A 7 year old boy presented with low grade fever, easy fatigability, and pallor of three months duration which was treated symptomatically considering the diagnosis to be nutritional anemia. General physical examination was unremarkable except for marked pallor with no hepatosplenomegaly or lymphadenopathy. Past history was non contributory with no prior exposure to cytotoxic drugs, radiation or other mutagens.

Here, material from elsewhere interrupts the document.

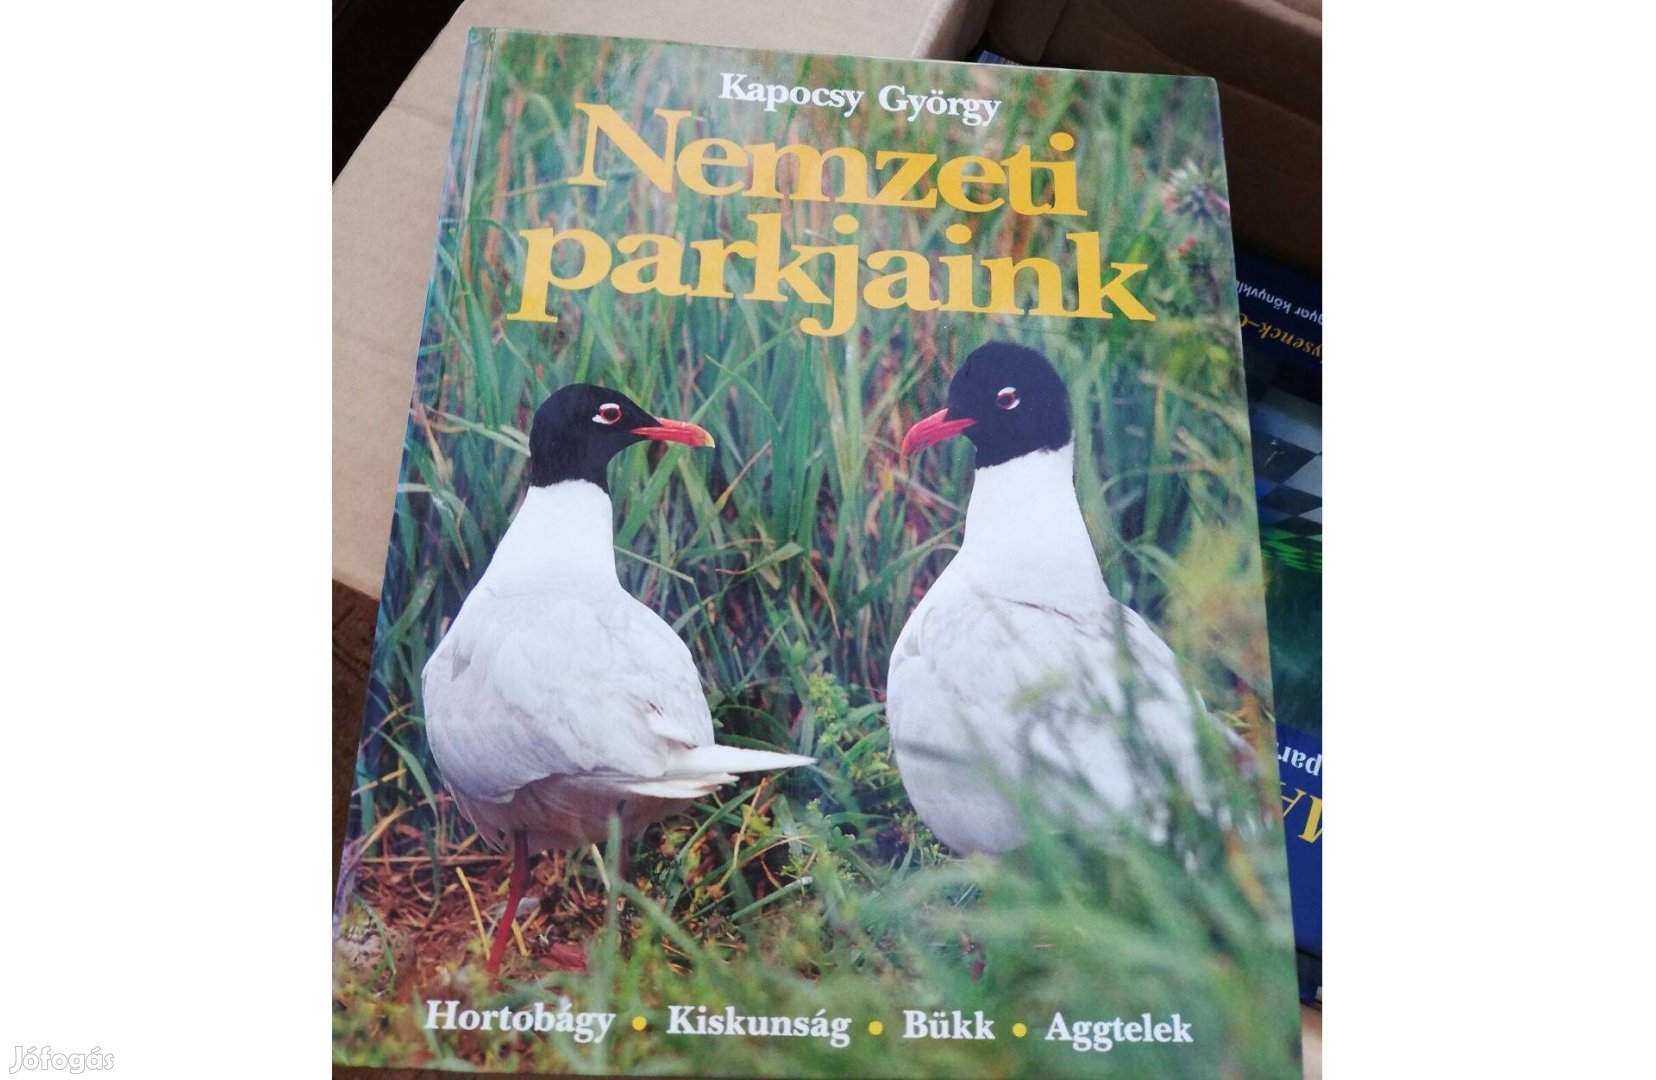 Kapocsy György - Nemzeti parkjaink c. könyv 500 forintért eladó

Laboratory picture showed pancytopenia, with hemoglobin 4.7g/dl, hematocrit 14.3%, mean corpuscular volume (MCV) 63 fl, total leukocyte count (TLC) 3.8 X 109 /l, with neutrophils 0.8 X109 /l, platelet count 75 X 109 /l and the proportional circulating blasts were 1%. Morphological diagnosis was based on analysis of peripheral blood smear (PBS), bone marrow aspirate (BMA) and bone marrow biopsy (BMB) with cytochemical staining with periodic acid Schiff (PAS) and Perl’s stains. PBS and BMA showed trilineage dysplasia. Dyserythropoiesis was evident principally by macrovalocytes, multinuclearity and nuclear hyperlobation (Table/Fig 1). Dysgranulopoiesis was characterized by Pseudo-Pelger-Huët anomaly and hypogranularity (Table/Fig 2). Megakaryocytic dysplasia was characterized by hypolobated megakaryocytes of all sizes and hyperlobated widely separated nuclei. (Table/Fig 3),[ Table/Fig 4]. Perl’s reaction on aspirated marrow showed erythrocytes at all stages of maturity loaded with siderotic granules. BMB indicated a hypocellular bone marrow for that age with characteristic trilineage dysplasia. There was no abnormal localization of immature precursors (ALIP) nor was the topography of the bone marrow distorted. However cytogenetic analysis could not be done because of financial constraints. The case was diagnosed as MDS with refractory cytopenia [MDS RC] in accordance with the WHO criteria modified for pediatric age group. The patient received supportive treatment consisting of folate and B12 and blood transfusions. The patient could be followed up to a period of approximately 2 months with routine blood tests to evaluate the hematological outcome of the disease. The patient did not transform to a more aggressive form of MDS or leukemia and was lost to follow up in a satisfactory clinical condition.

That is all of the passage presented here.